今日は
「ああ播磨灘」
さだやす圭氏がモーニングに連載した相撲漫画。
これまた最後まで読んでないし途中も抜けている。でも、引き込まれて夢中で読んでしまうとか続きが気になってどうしようもないという点ではやはり好きな漫画です。
播磨灘という相撲取りがいまして、これがまあ朝青龍もおろかというヒール。土俵入りする時にヘンーな仮面というか、煙とか吹いてるかぶりものをかぶって入場してくる。そしてとてつもなく強い。対戦相手を片っ端から土俵下に投げ飛ばしたりカエルみたいにひっくり返したり挙げ句蹴って転がしたり、侮辱的なことばかりした上に罵声を浴びせる。品格なんかハナクソほどもない。相撲協会や同じ相撲取りからは蛇蠍のごとく嫌われ、憎まれている。なんとか辞めさせたいと思っている。そんな中播磨灘は「負けたら引退する」と言うのですね。だもんだから皆必死で勝とうとするんだけど、絶対に負けない。
対戦相手によっては故障を抱えていたり、これで引退をかけるとか、いろいろ複雑な事情があったりするのだが、播磨灘はまあ容赦しない。「そんなつまらない相撲を取って恥ずかしくないのか。死ね」でもってぶんなげて踏んづけたりする。でも、そのテッテ的な傍若無人ぶりに発憤し奮起する人もいたり、相手に投げつける酷い言葉が結果的に相手に何かを気付かせたり吹っ切らせることになったりして、こいつがただの暴君ではないのかな?と思わせるところもある。
何巻あたりだったか、突然「あなたの妻にしてください」と言っておかめか何かのお面を被った女の人がやってきて、顔も見ないで奥さんにするんじゃなかったかなあ。まあ顔は予想通り美人なんですけどね。
とにかく播磨灘のやり方、言動すべてを支えているのが強さです。純粋な強さって確かにある種の説得力があるからな。ただ見上げるしかない圧倒的強さに圧倒されるのは快感がありますね。こんなに強いのでは何をしてもしょうがない、と言ってしまうと、平民が独裁者に屈服してゆく精神構造のようでかなり怖いのですが。そういうのは虚構の世界だけにしておかなければな。「力こそが正義」みたいなのは。

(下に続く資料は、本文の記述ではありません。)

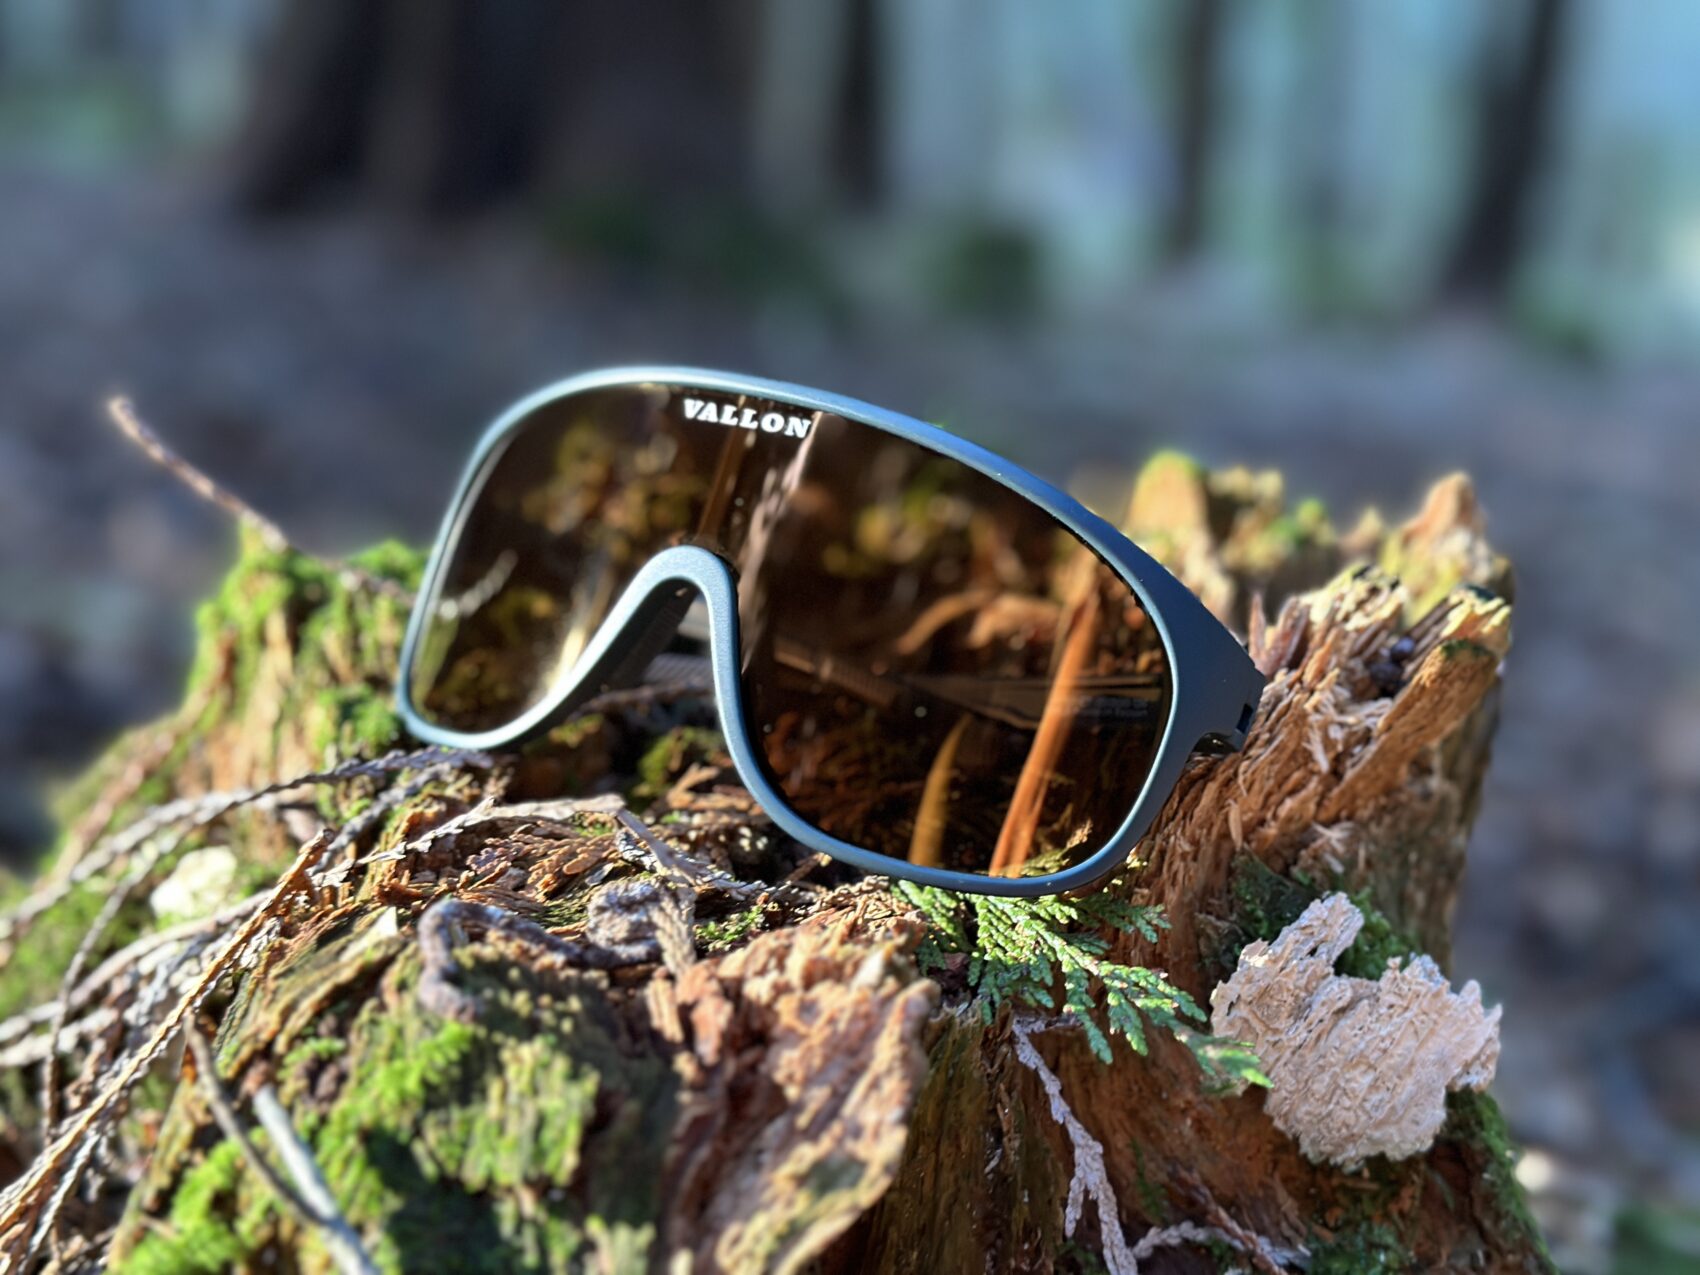 VALLON Watchtower cycling sunglasses review

ただ、「弱くてもささやかでも、正々堂々と真正面から挑むならそれでいい。負けたっていいじゃないか、戦う姿勢こそが大事で勝敗はどうでもいいのだ」といった、己の弱さを貧乏臭い正直さで正当化する風潮に対してハリセンチョップをくらわすような爽快さは確かにありました。
最後はどうなるんだろう。負けて終わるんだろうか。それは播磨灘には似合わないなあ。引退しても「弟子を育てる」なんて方面には絶対に行かない人だし。
最終巻でも誰かを投げ飛ばして罵倒しているのを下から見上げる構図で終わり、であることを願う。しかしとんでもない主人公だなあ。
とんでもないと言えばなんとアニメにもなったんだよ。しかしどうしてアニメ化しようと思ったんだろう。さわやかさのカケラもない主人公なのに。どんなオープニングだったのかしら。「投げ飛ばせ 踏みにじれ 弱い奴は虫ケラだ」とかいう歌かしら。違うと思うけど。
いつかどこかのブックオフかラーメン屋で最終巻を読むのを楽しみにしています。
拍手して下さった方、ありがとうございます!
> Sさま
わあ~もったいない(笑)もらって行けばよかったのに~。面白かったですよ。
悟空はねえ。ベジータが息子や妻に見せるチラっとした優しさとか、悟空を倒したい一心で上へ上がっていく執着心みたいなものを、全然見せませんからねえ。カミさんや子供に対してもえらい淡白だし、誰か個人を目指して鍛錬しているわけでもないし、それこそクリリンが殺されてブチ切れた以外は。すごいな、クリリン(笑)
執着しないこと五代雄介のごとし。あの二人似てるかも知れないな。頼まれるとなんでもがんばってやってあげる、基本優しいし明るくて素直で気持ちがよく、しかし誰も彼の胸の奥底には入れてもらえない。